Warning – I’m going to talk a lot about myself in this post and I’m hyper-aware of it. I have a list of many more topics to cover that that will pertain to YOU – the brides and grooms, the vendors, and the flower lovers! That being said, if there are any topics you’re particularly interested in please leave a comment. I want to know what you want to read about!

Back in my college days at Indiana University, it seemed like everyone around me knew exactly what they wanted to do after graduating. I, on the other hand, simply adhered to my family’s suggestion and went for a business degree. Unlike many of my classmates at The Kelley School of Business who had dreams of investment banking, I chose business because it seemed like the practical choice, and I would have a good chance of getting a decent job post-graduation. I had always worked hard in school. Studying, completing assignments and turning in work on time came easily to me, but when it came time to look for a job, I lacked direction and passion for any one particular field. Yet having to go through re-do’s in real life seemed so complicated to me, and I was deeply afraid of making a misstep.

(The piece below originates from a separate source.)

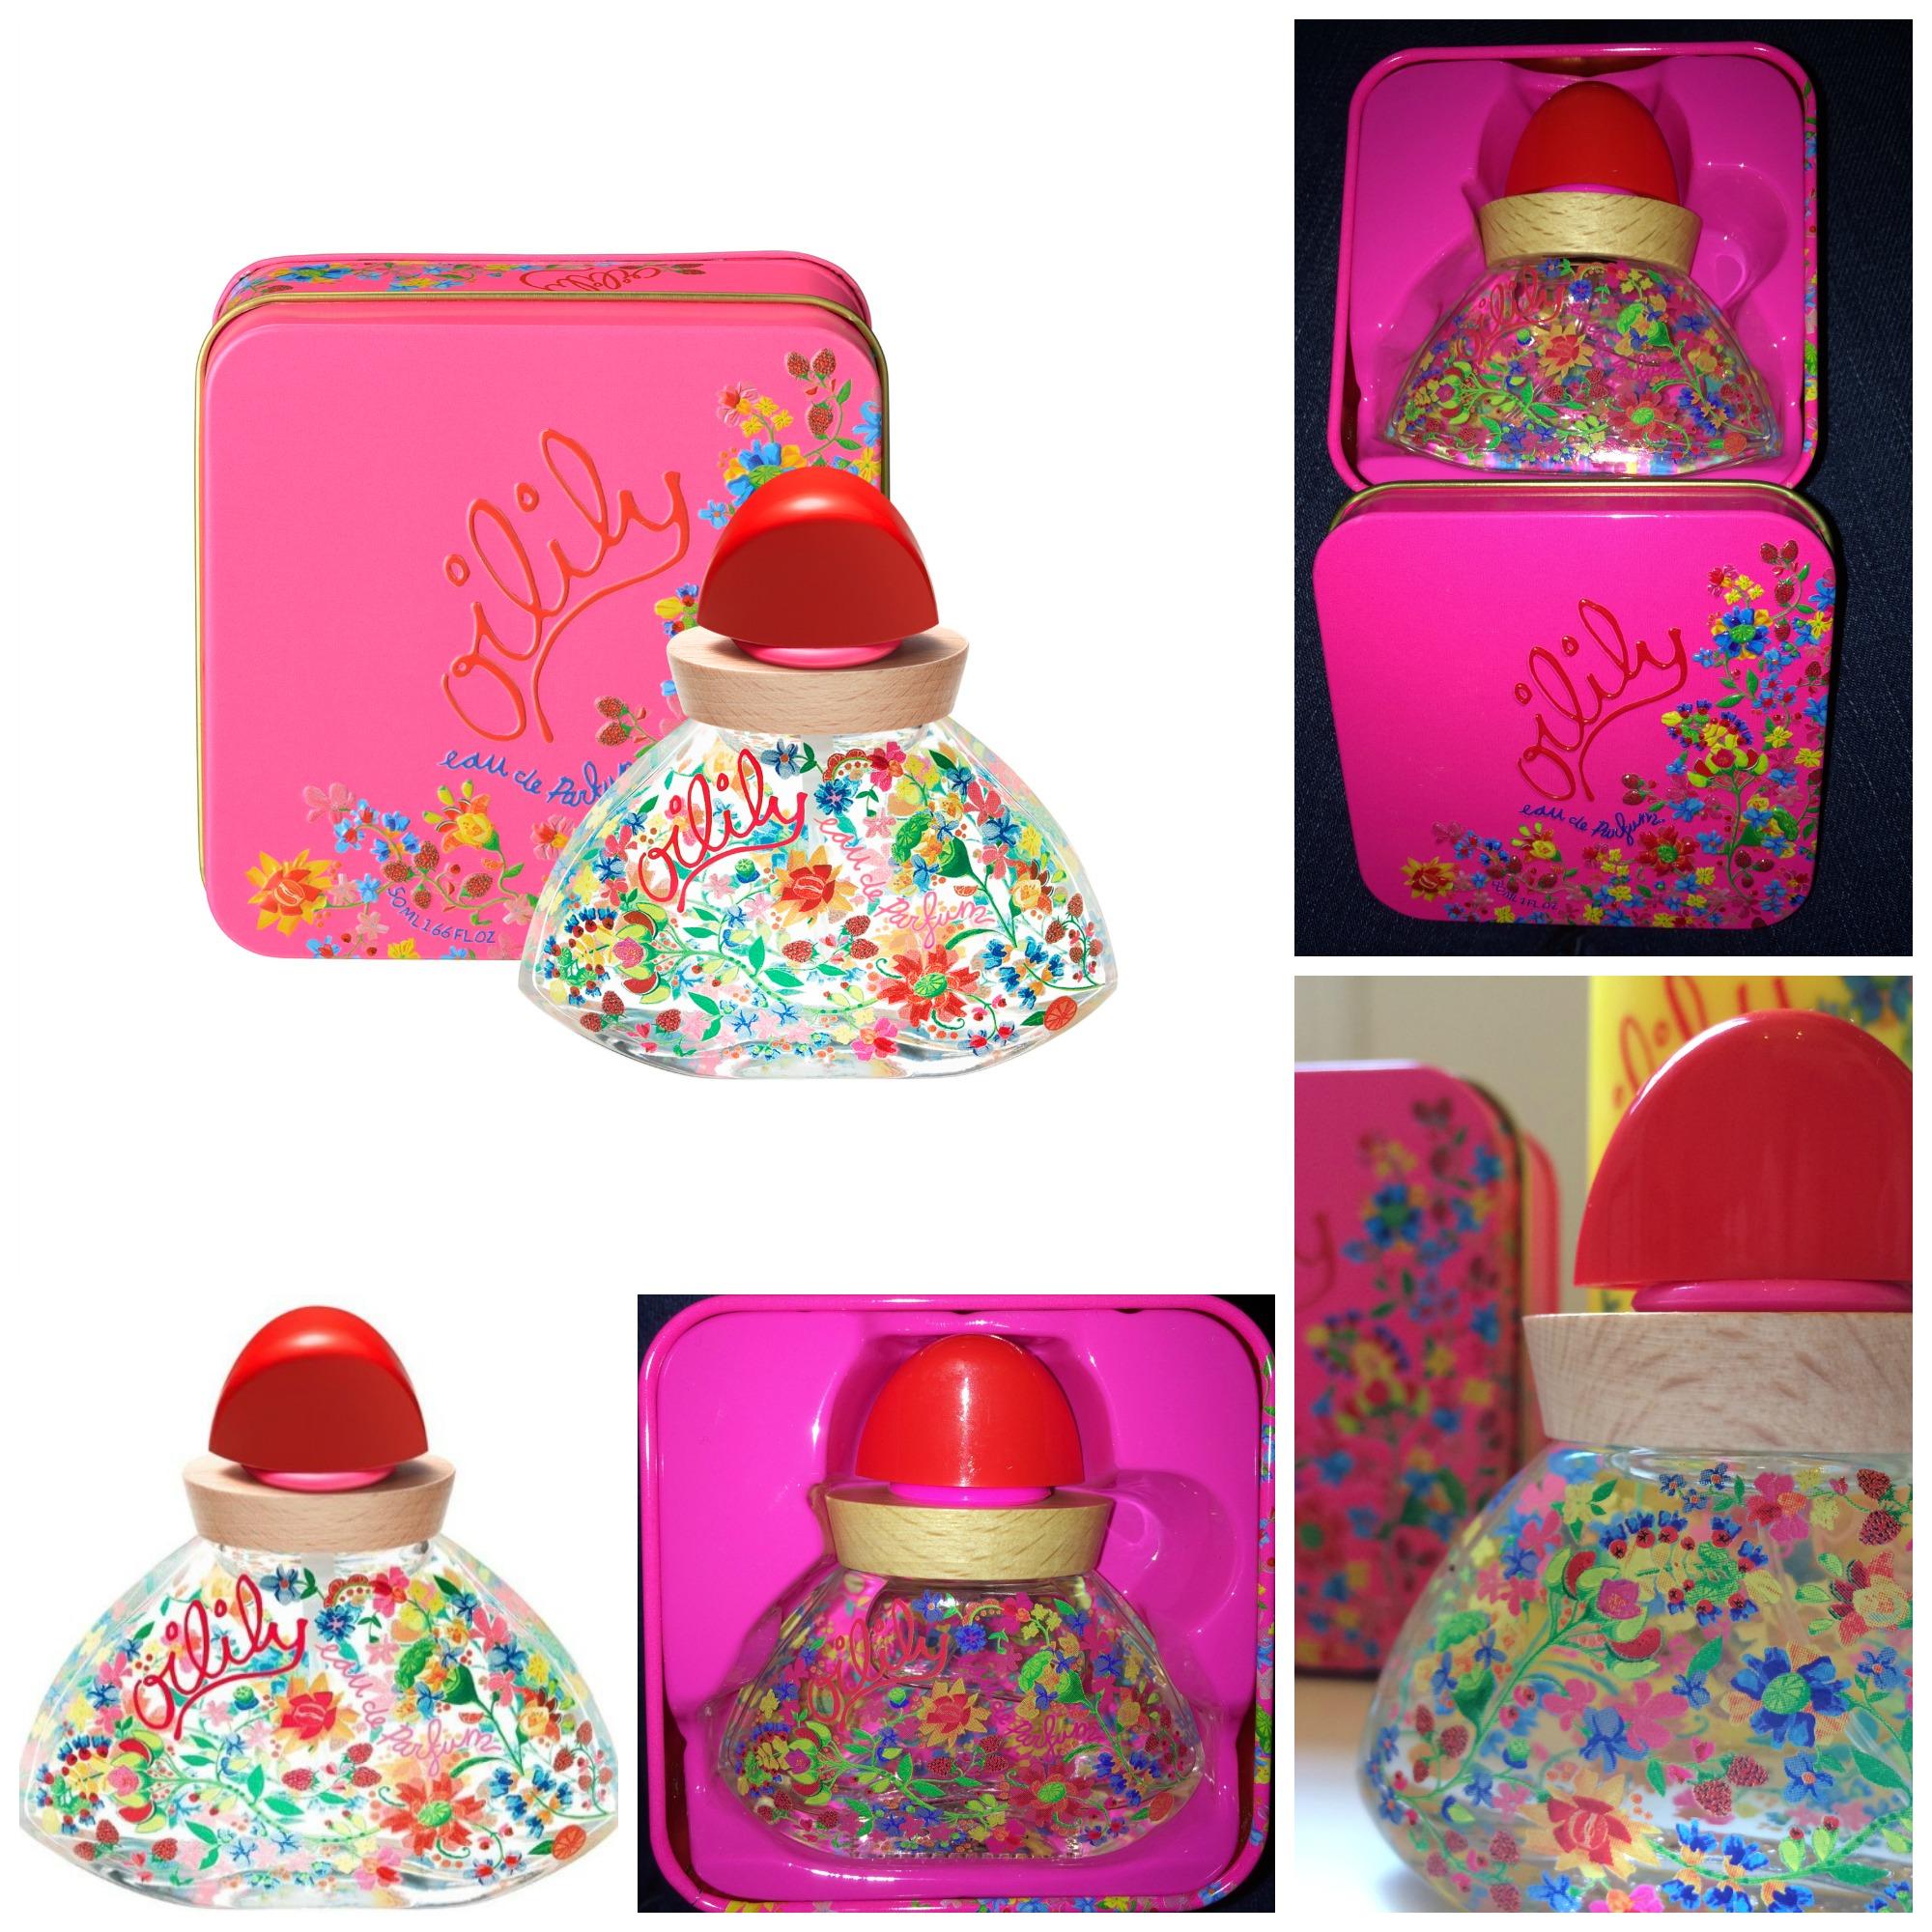 oilily l 39 eau de parfum printani re des filles expressions d 39 enfants. Black Bedroom Furniture Sets. Home Design Ideas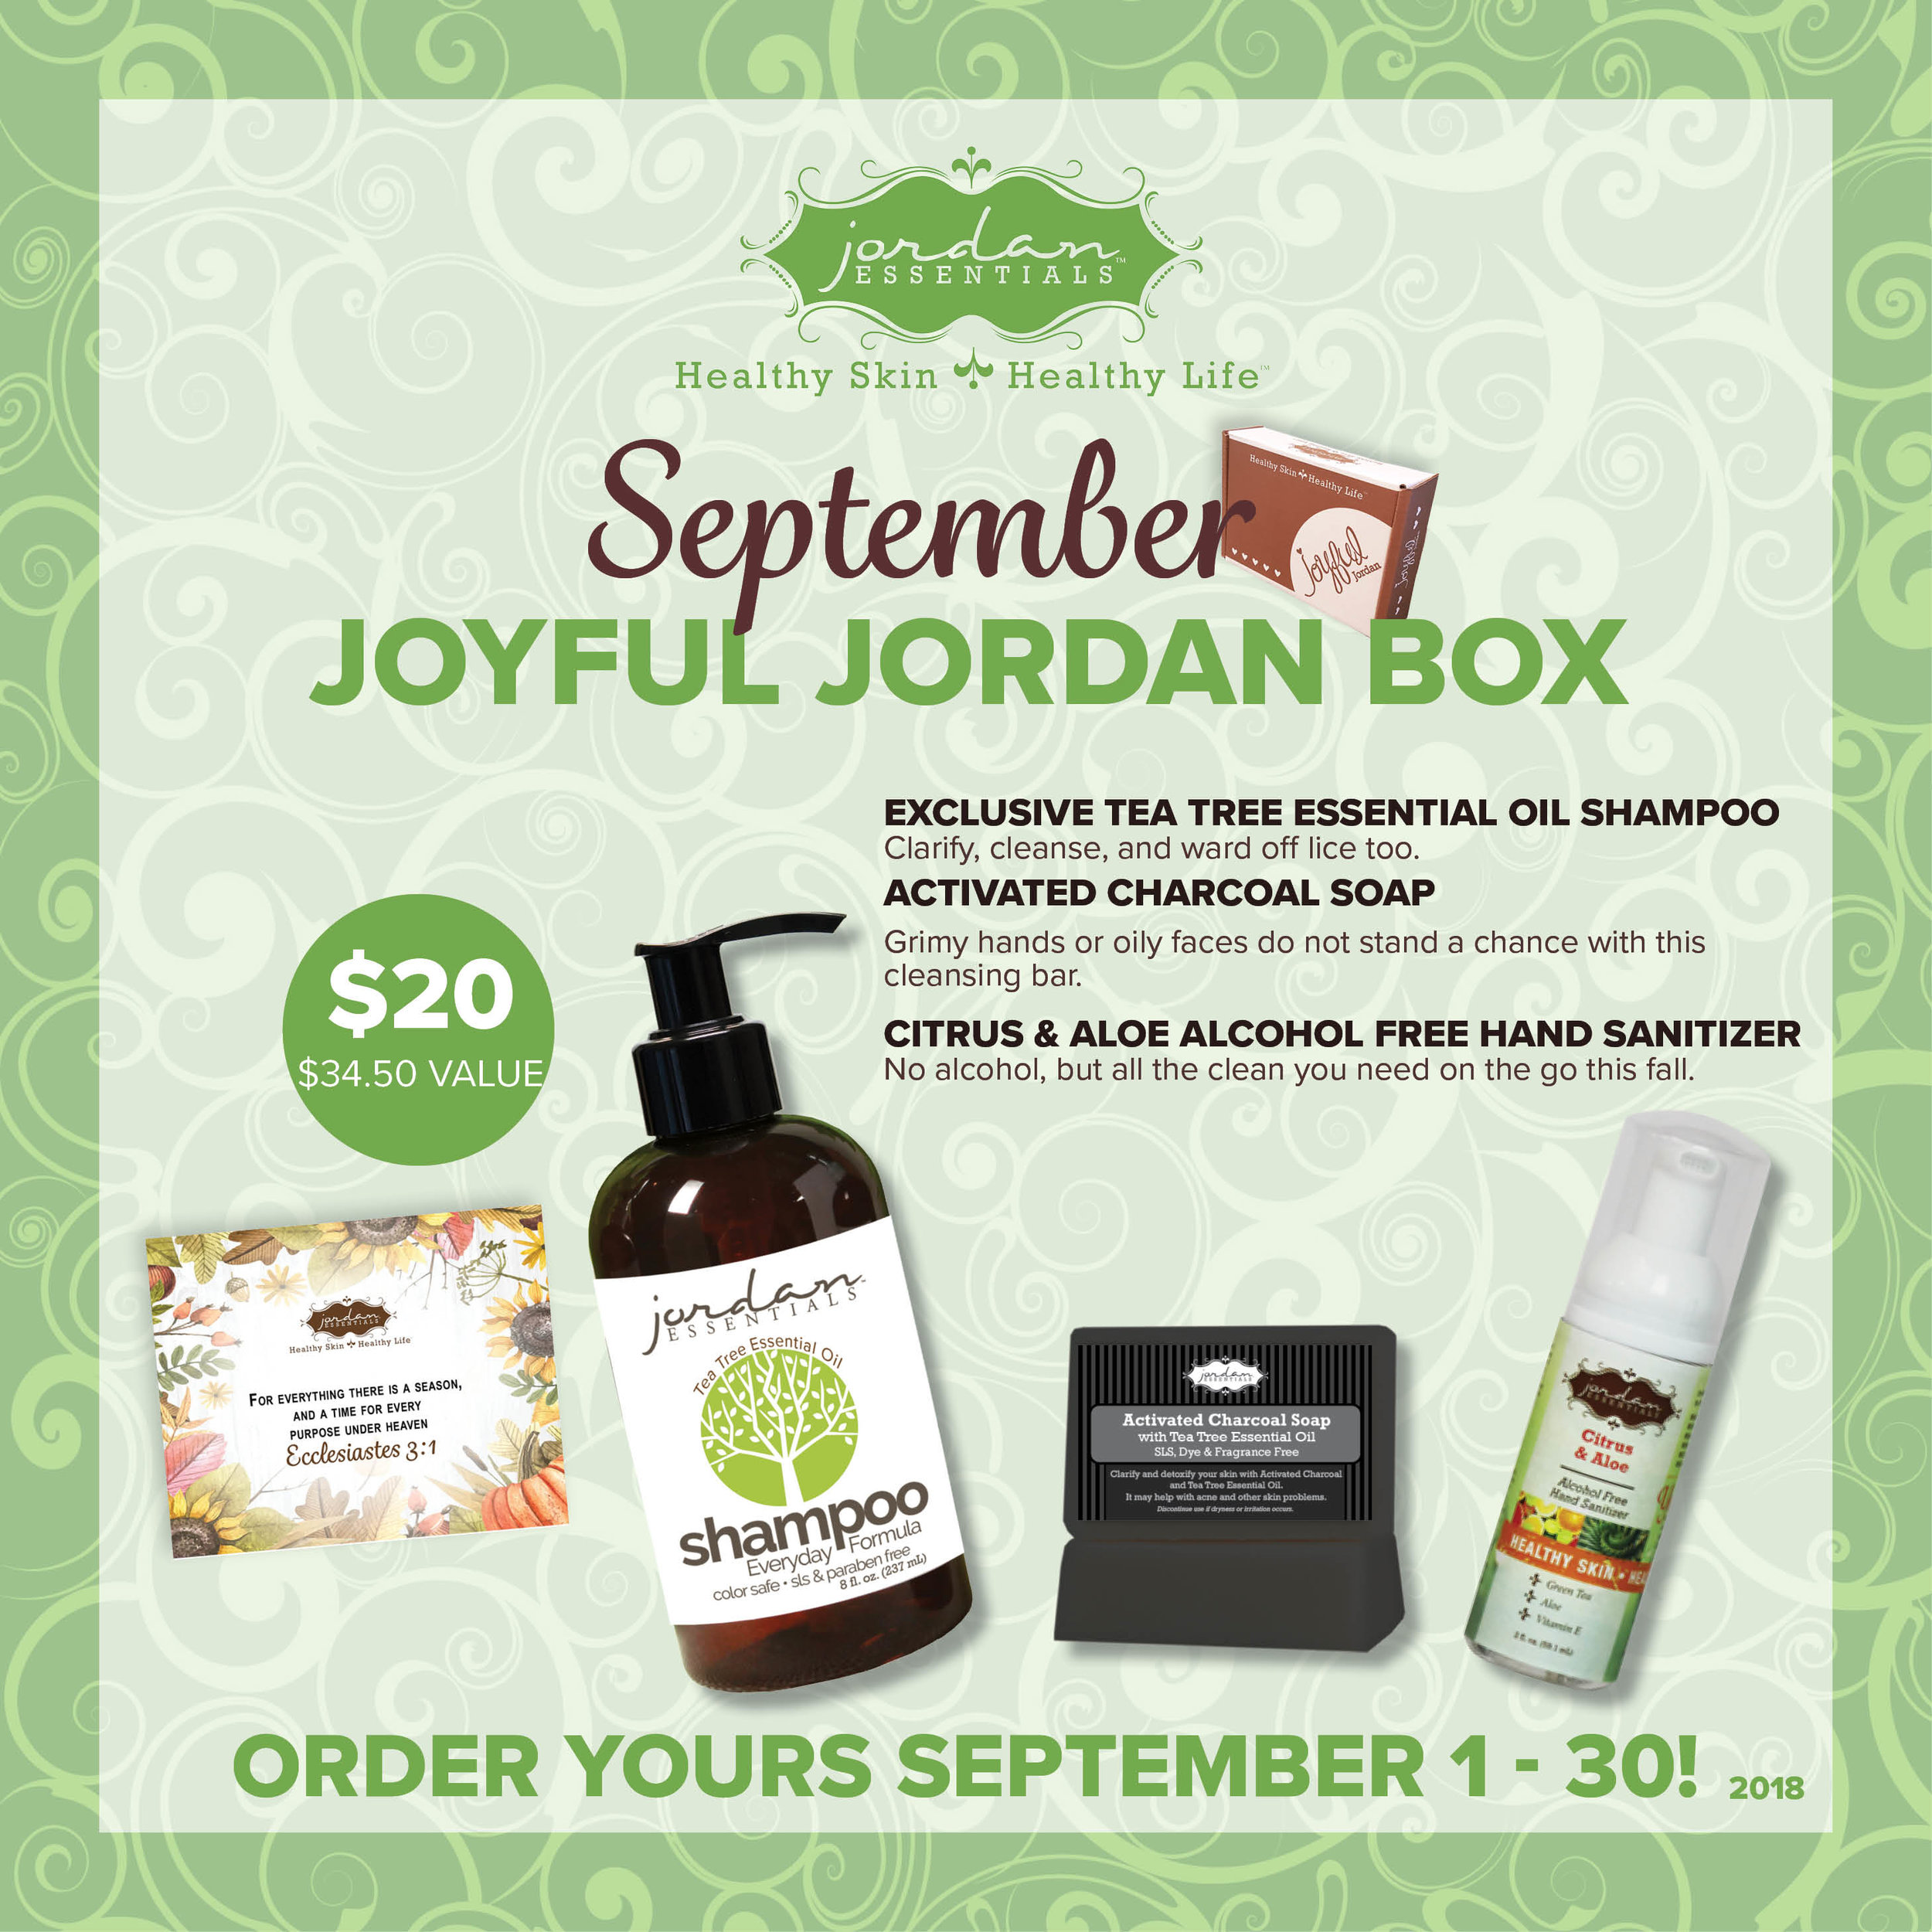 September 2018 Joyful Jordan Box (1).jpg

I feel like I’m in the middle of the ocean. Like I could swim in any direction but I can’t see land on any side so I don’t know which way to go.
— Meg Jay, The Defining Decade

The first job I took was at a small software company as a data analyst, and there is no better way for me to describe the angst I felt from being pent up in a cubicle than to say I simply wanted to claw my eyes out.* Reading that back in my head, I know that sounds so dramatic. And PLEASE, if you’re reading this and you do work in an office or cubicle, know that I respect you and you’re probably doing much better, meaningful, more important work than I ever did. It was simply the wrong habitat and line of work for me. The line from that Smashing Pumpkins song that goes “Despite all my rage I am still just a rat in a cage” repeated in my head day in and day out and I. felt. it. (I realize I may not be reaching my audience with that song reference). Putting my headphones on and blasting it did get me through some tough days though. Again, I know it all sounds dramatic, and I did debate editing out this entire paragraph to read that my first job was “not my cup of tea” but hey, to downplay it like that is just not my style.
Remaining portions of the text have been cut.